Financial trading is the act of buying and selling financial assets with the goal of profiting from changes in their price. When a trader believes a price will rise, they buy (go long). When they believe it will fall, they sell (go short). The difference between the entry price and the exit price is the profit — or the loss.
Unlike long-term investing, which can hold positions for years, trading typically operates on shorter timeframes — from a few minutes (scalping) to several weeks (swing trading). The goal is the same: buy low, sell higher. Or sell high, buy lower.
Every market move comes from a single force — an imbalance between supply and demand. More buyers than sellers → price rises. More sellers than buyers → price falls. Every strategy you will ever learn — every indicator, every pattern — is just a different way of measuring this single truth.
Markets can be traded in both directions, which is one of trading's biggest advantages over traditional investing. You can profit whether the market goes up or down — provided you guess the direction correctly.
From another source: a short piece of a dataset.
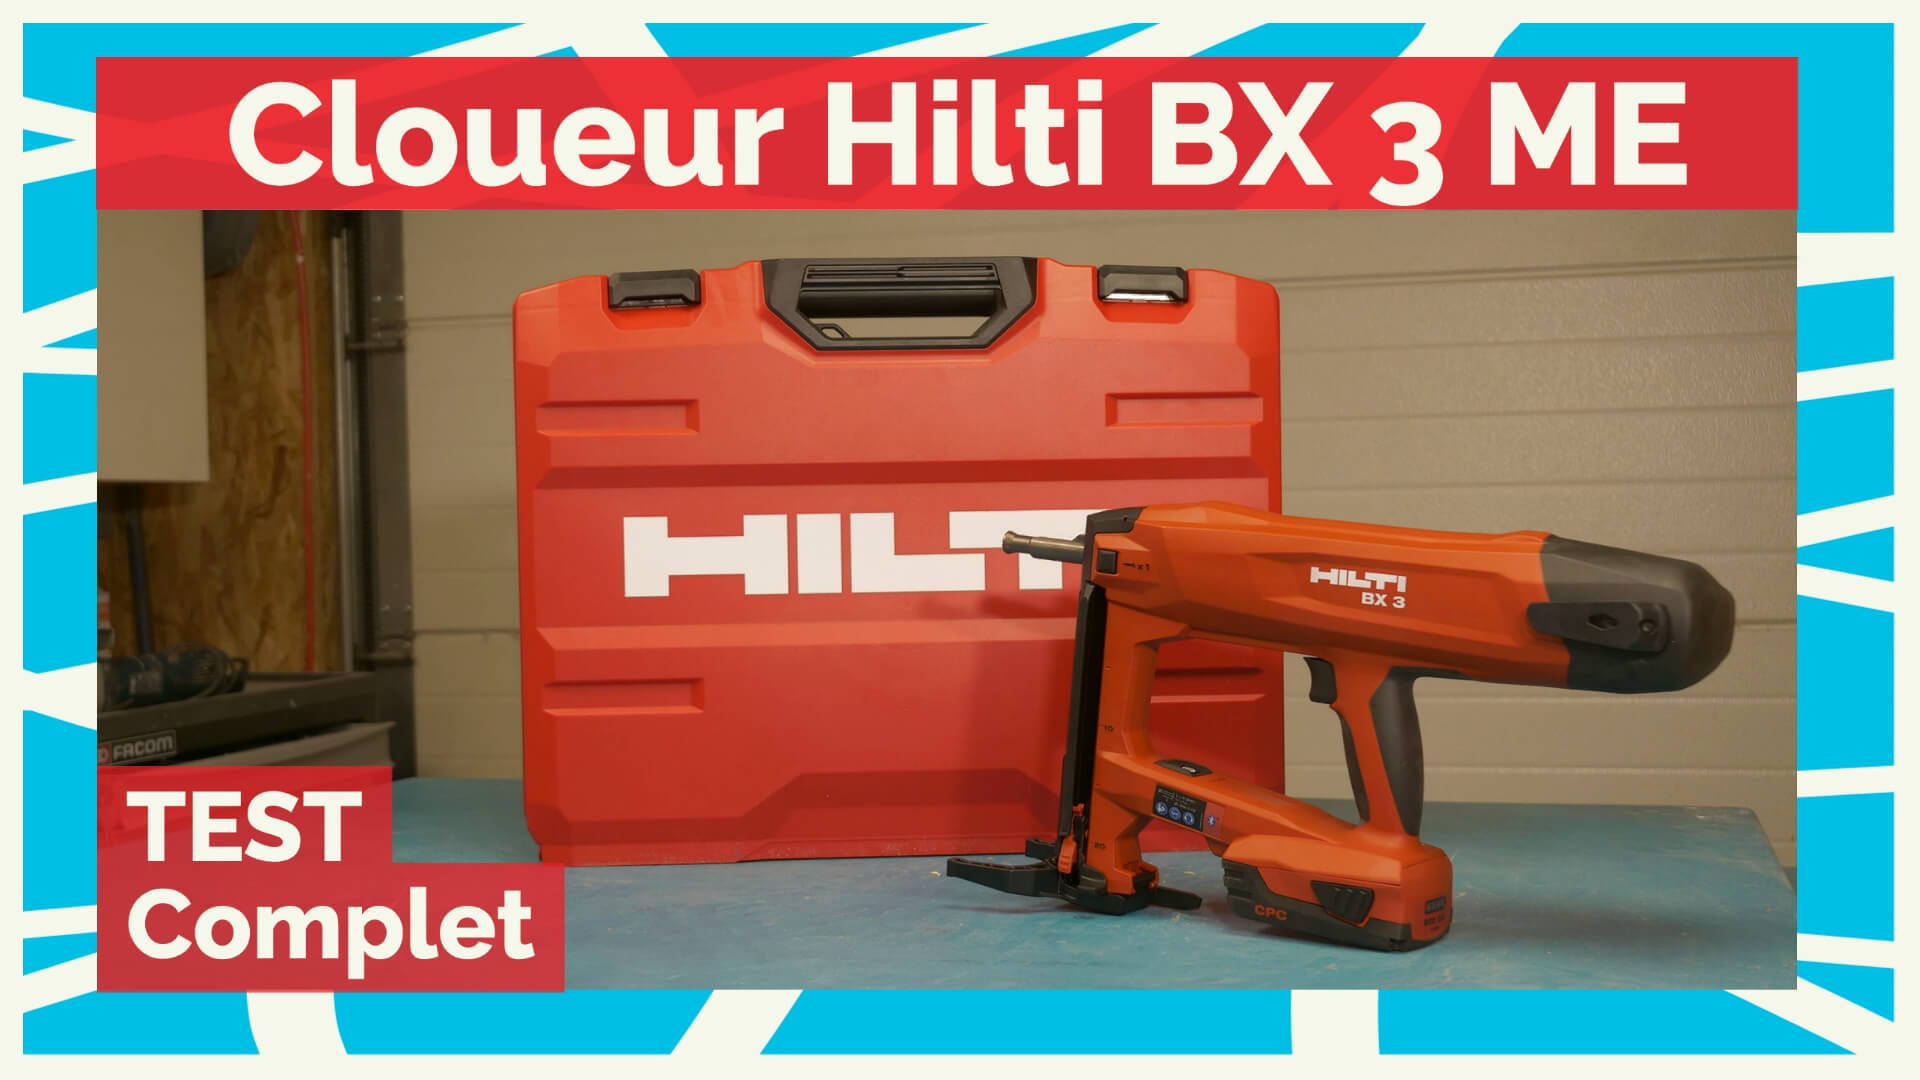 HILTI BX 3 - cloueur béton

| Aspect | Trading | Investing |
|---|---|---|
| Timeframe | Minutes to weeks | Years to decades |
| Goal | Profit from price moves | Wealth accumulation |
| Tools | Technical analysis, charts | Fundamental analysis |
| Activity | Active & frequent | Passive & rare |
| Direction | Long or short | Almost always long |
You do not need to predict the market. You need to react to it correctly. The traders who survive are not fortune-tellers — they are skilled readers of what the chart is showing right now.